Stabler
Mortgage Payments -
This seems to be an increasingly popular reason for refinancing,
especially with everything that has been occurring recently in
the mortgage market. Borrowers who once bought their home assuming
they would move within a few years or assuming their properties
would appreciate tremendously in the next couple years, have
recently found themselves in a bit of a rut. With properties
staying on
the market longer, having more difficulty selling, and mortgage
terms starting to adjust, borrowers are seeing the dark side
of the process.
Lower
Interest Rates & Mortgage Payments -
This was more popular when interest rates were on a downward
trend, but even today finding a lower interest rate or mortgage
payment is possible. For example, a borrower may still be able
to find better interest
rates
if his or her
credit
is better
than before or if the loan-to-value ratio (loan amount divided
by
property
value) is lower (80% or less) than when he or she first bought
the property.
Build
equity faster. When
homeowners first buy their home, oftentimes their main concern
is to keep their monthly mortgage payments low. To do this
the homeowner usually chooses an interest only mortgage or an
adjustable
rate
mortgage to minimize payments. If you would like to learn more
about mortgage program types, read our article: "All Types of
Loan Programs." But interest only mortgages and ARMs minimize
the ability to build equity in the mean time. So by refinancing,
homeowners can switch their loan programs from interest only
and ARMs into long-term fixed rates paying
principal and interest. This type of program builds equity
faster in the property.
Cash
out. Your
property usually holds equity in it and you may want to cash
some of that equity out for your use. Every borrower has a different
situation, so reasons to take cash out of the property can include
everything from remodeling the home and upgrading the deck to
paying for college tuition or medical emergencies.
Finding
a more suitable loan. Life
situations change and so does every borrower's financial situation.

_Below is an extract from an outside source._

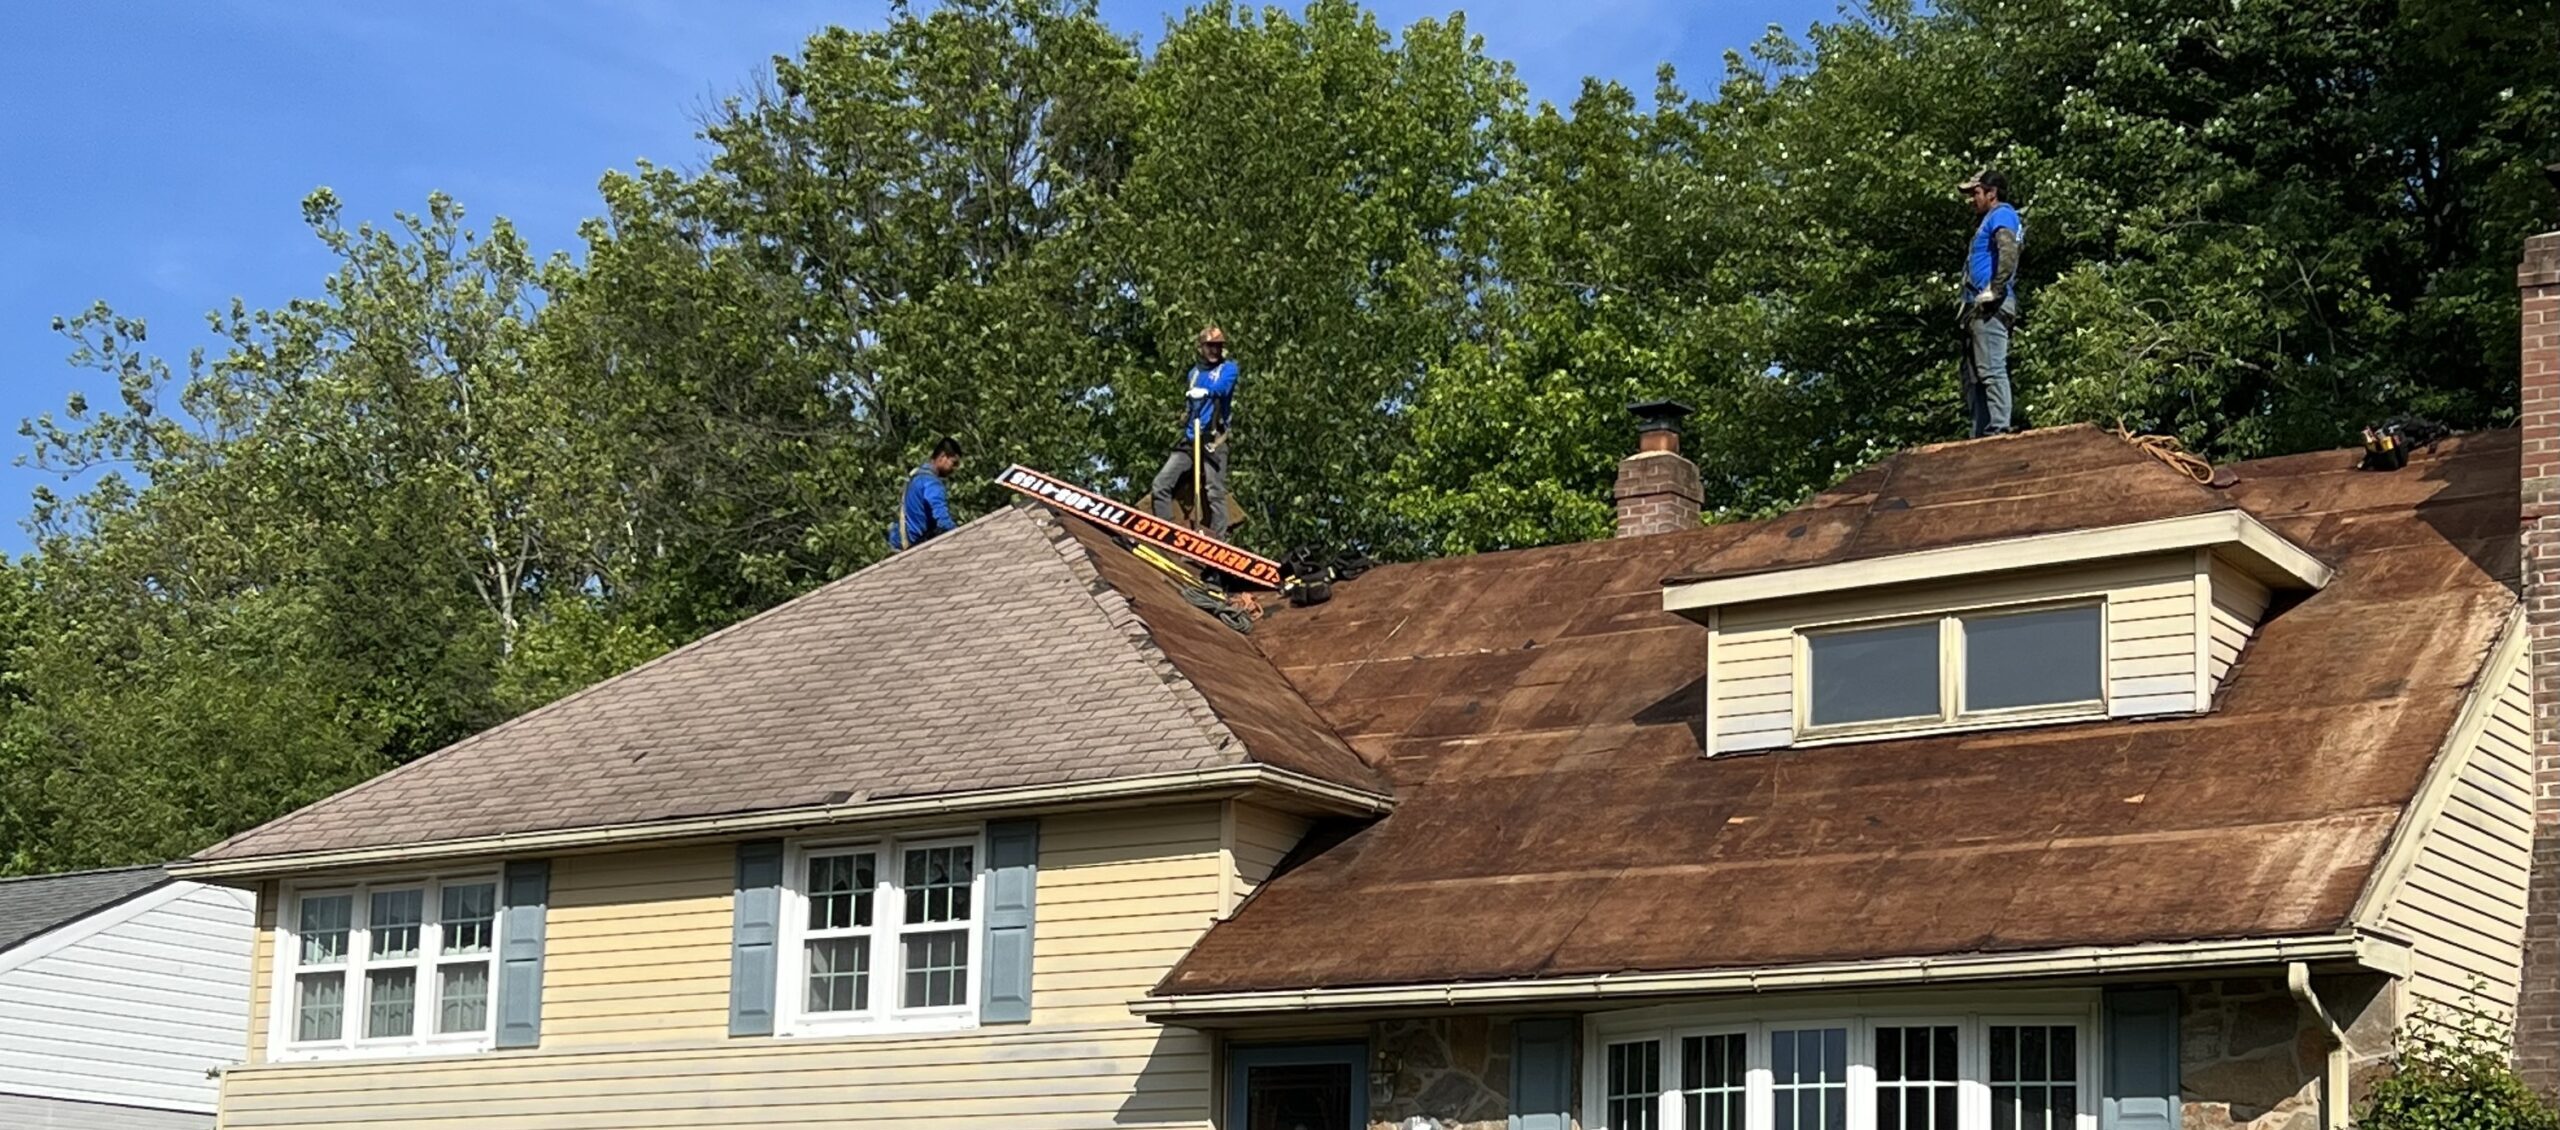 G. Fedale Roofing and Siding Installing A New Roof for Roofs from the Heart in Wilmington, Delaware
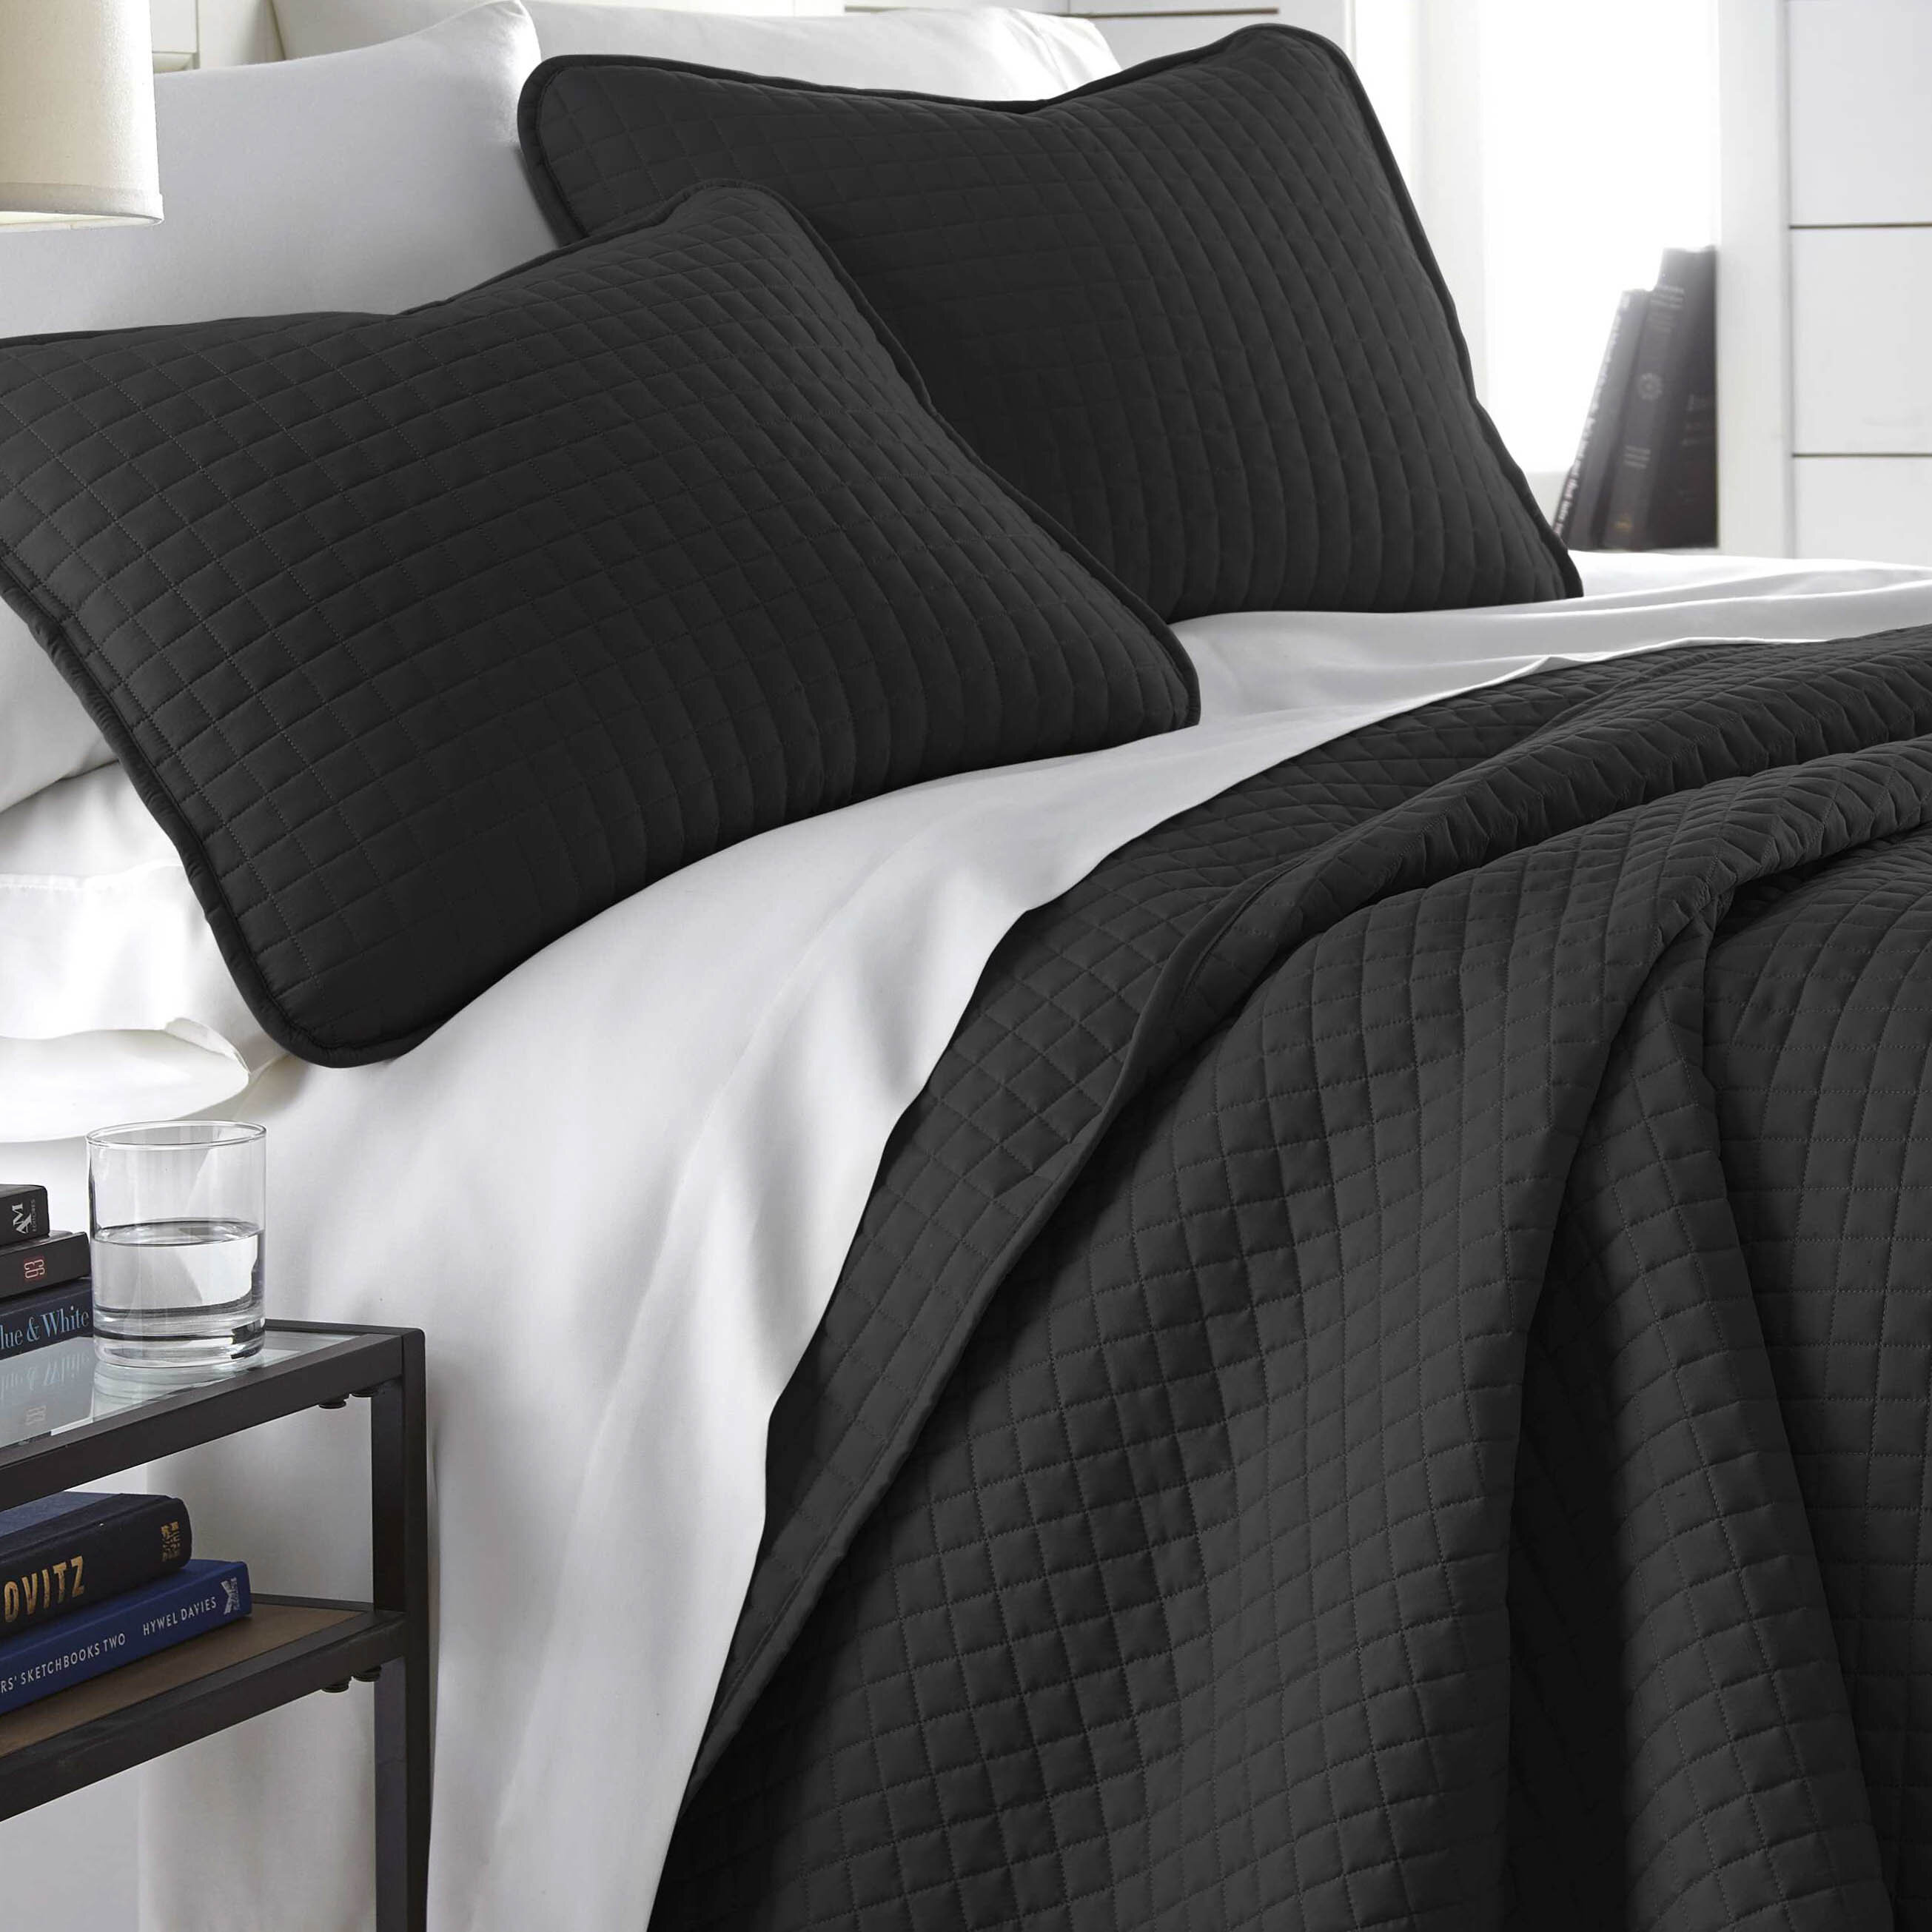 Black Quilts Coverlets Sets Free Shipping Over 35 Wayfair

The borrower's financial circumstances may
change enough that he or she needs a new, more suitable
mortgage program for his or her unique needs and financial goals.
Avoid
foreclosure. In
some cases, borrowers are able to refinance their way out of
foreclosure. There may be enough equity in the home to take care
of the overdue payments, perhaps even enough to ensure the borrower
makes timely payments for the next couple years. Visit our "Avoid
Foreclosure" section to learn more about the options we offer
to help clients get out of the current situation.
Divorce. Unbeknownst
to many, divorce is actually the leading reason why properties
go into foreclosure. When couples get divorced, only one borrower
is left to pay the mortgage and oftentimes a one-income borrower
cannot afford to keep the property. In other cases, when couples
get divorced there are disagreements as to who gets to keep what
and property tends to be the most valuable asset. If it is decided
that the property will stay with one borrower he or she will refinance
the property to buy out the other borrower.